■ **About this task**:
Give back all of the data exactly as it stands, with the pictures removed.

═════ Data provided

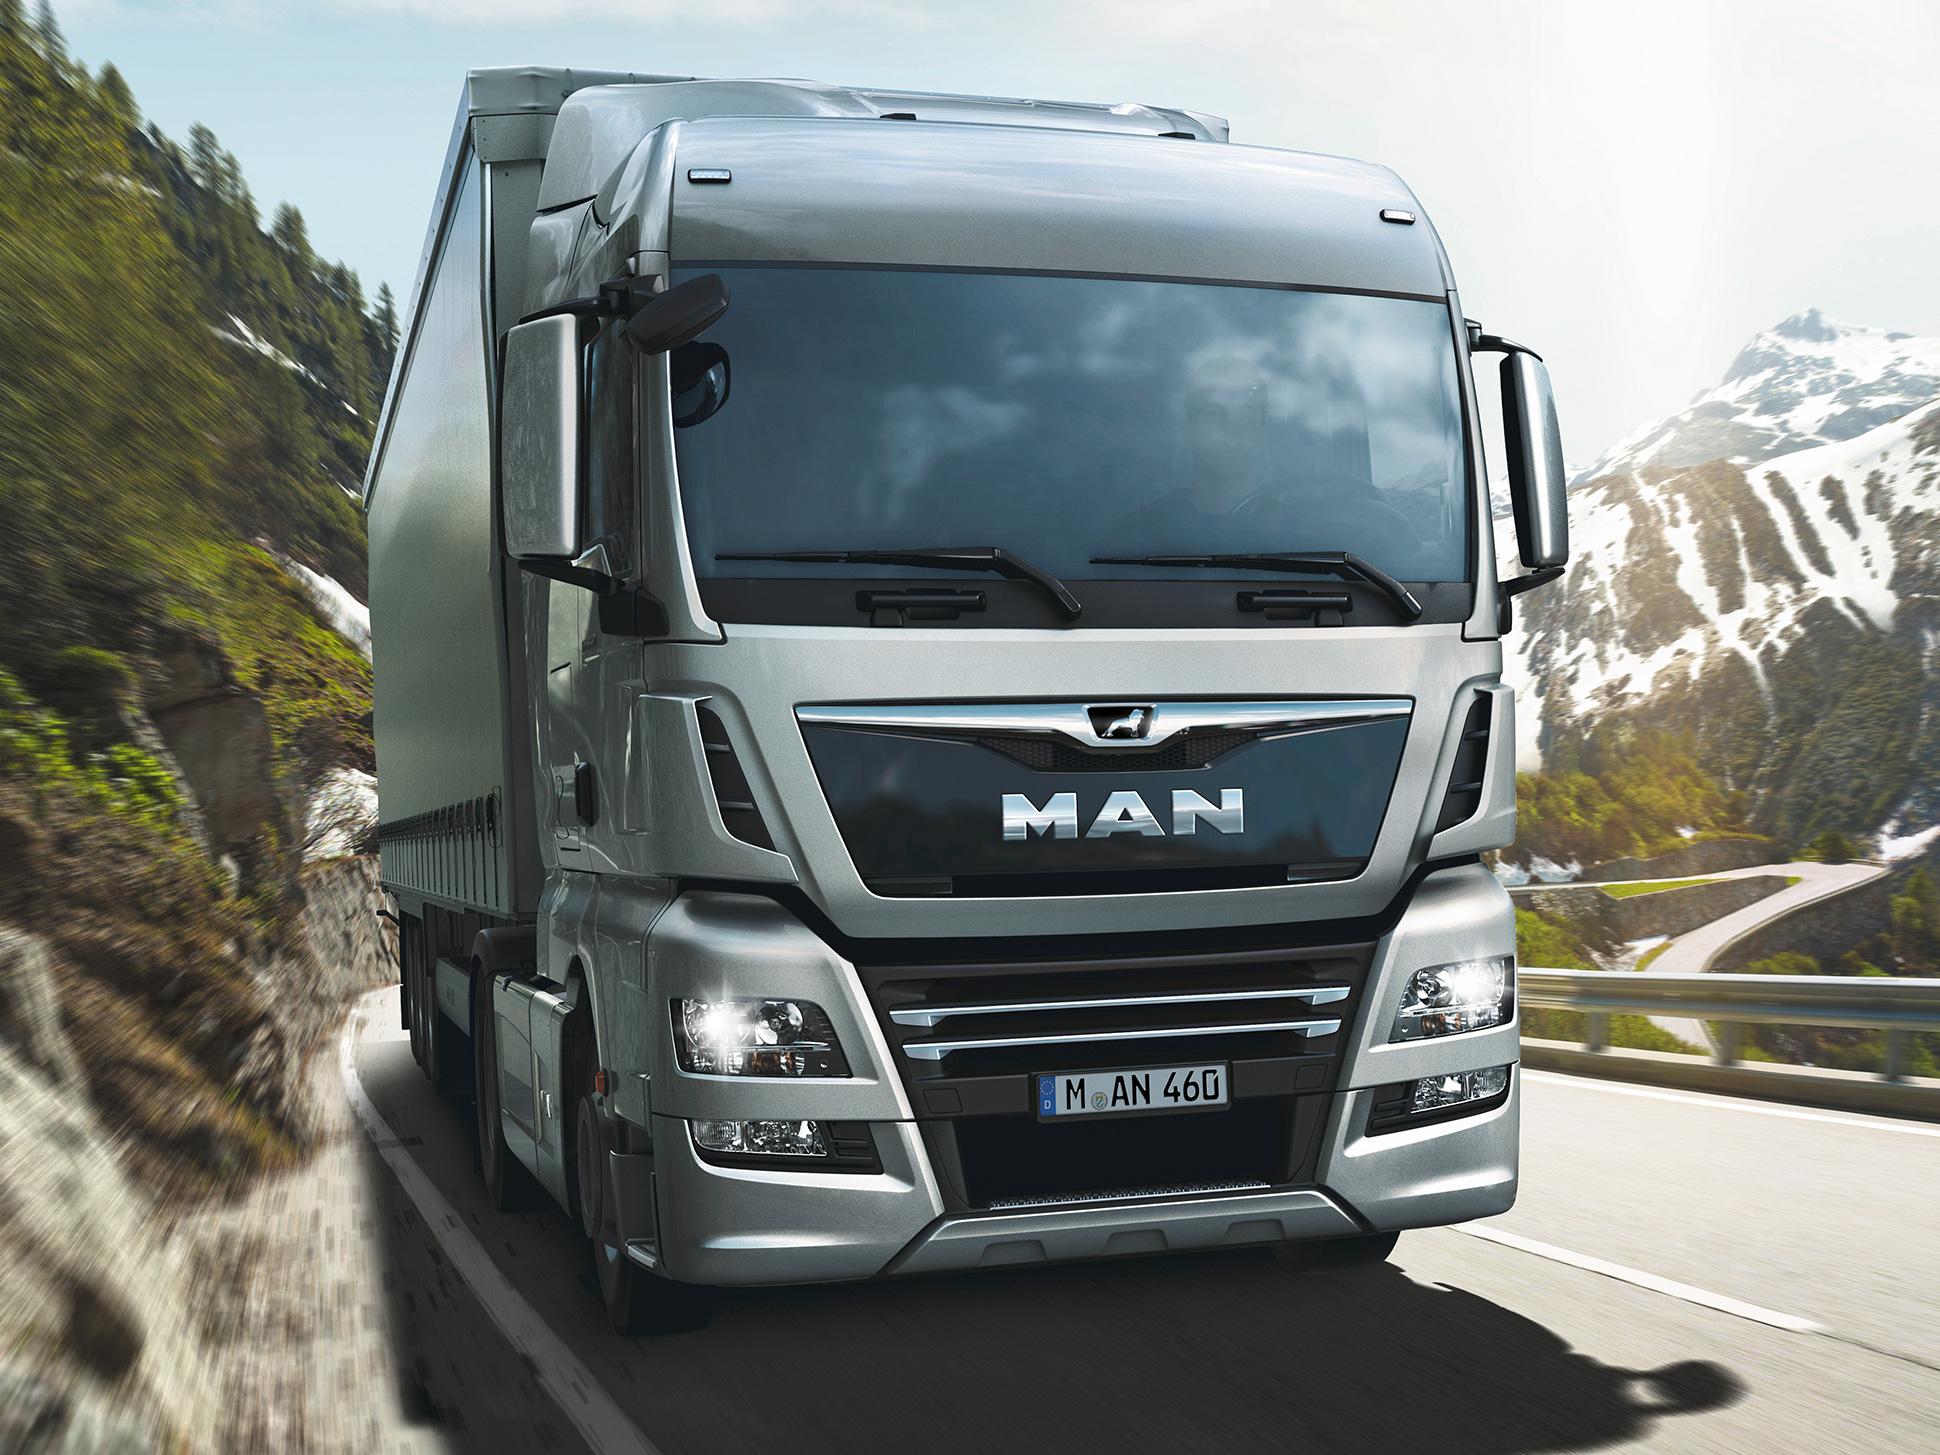 Pinetown Man Truck South Africa
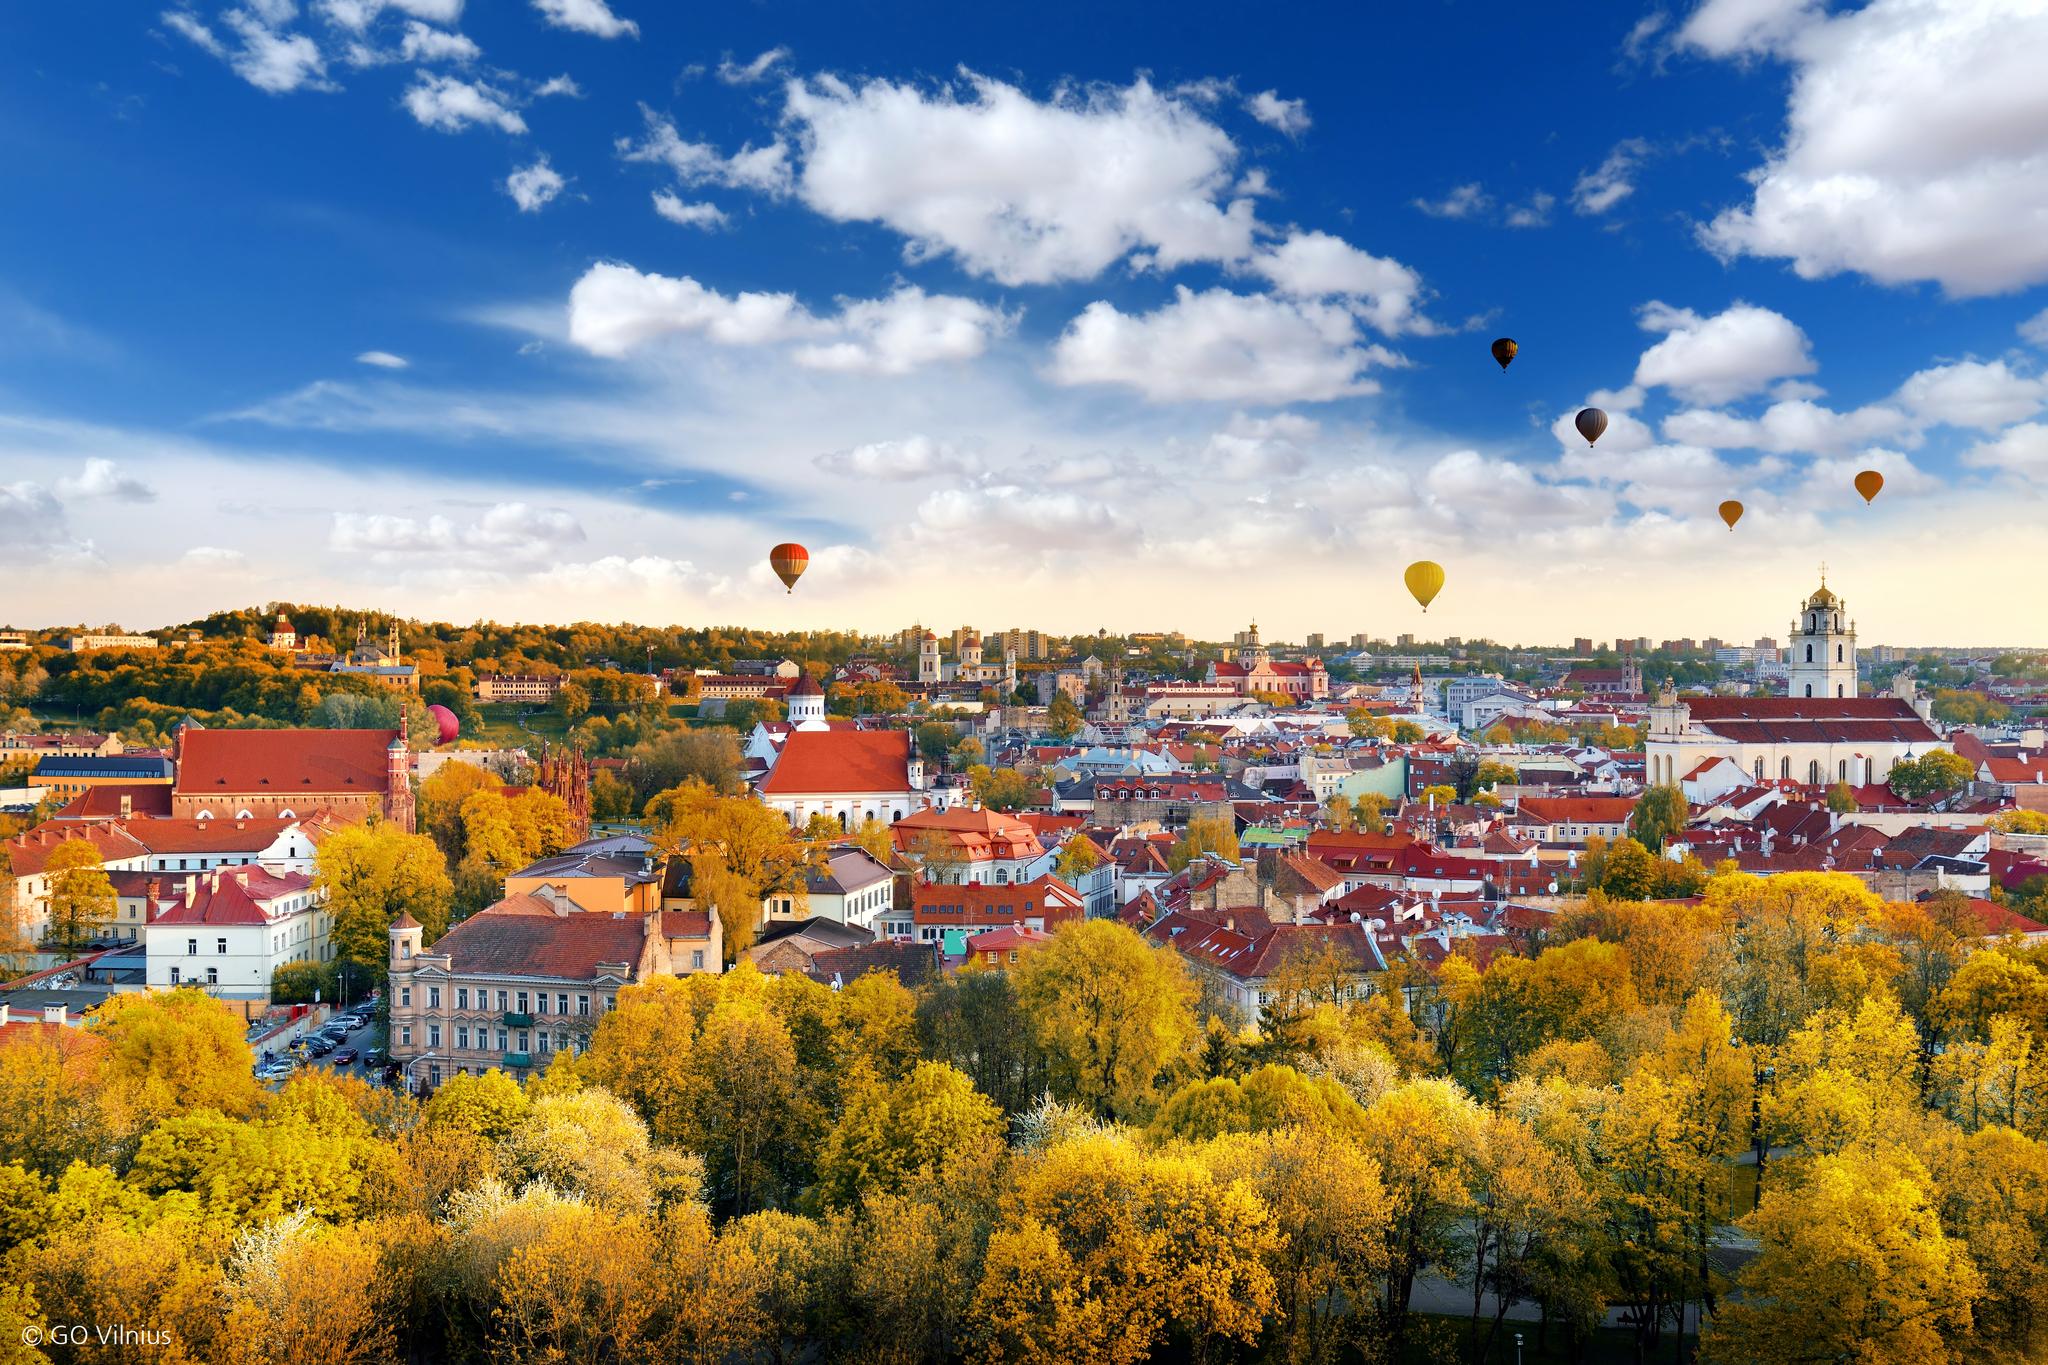 올해 유레일 글로벌패스로 여행할 수 있는 나라가 3곳(영국·리투아니아·마케도니아) 추가됐다. 사진은 유네스코 세계문화유산으로 지정된 리투아니아 수도 빌뉴스. [사진 유레일]
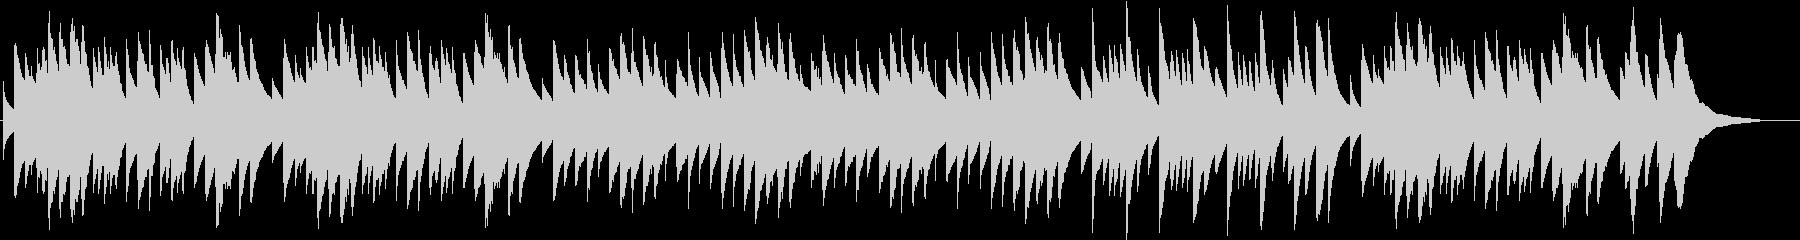 クリスマス定番曲のオルゴールバージョンの未再生の波形

══════════

■ **Response area**:
 Pinetown Man Truck South Africa
 올해 유레일 글로벌패스로 여행할 수 있는 나라가 3곳(영국·리투아니아·마케도니아) 추가됐다. 사진은 유네스코 세계문화유산으로 지정된 리투아니아 수도 빌뉴스. [사진 유레일]
 クリスマス定番曲のオルゴールバージョンの未再生の波形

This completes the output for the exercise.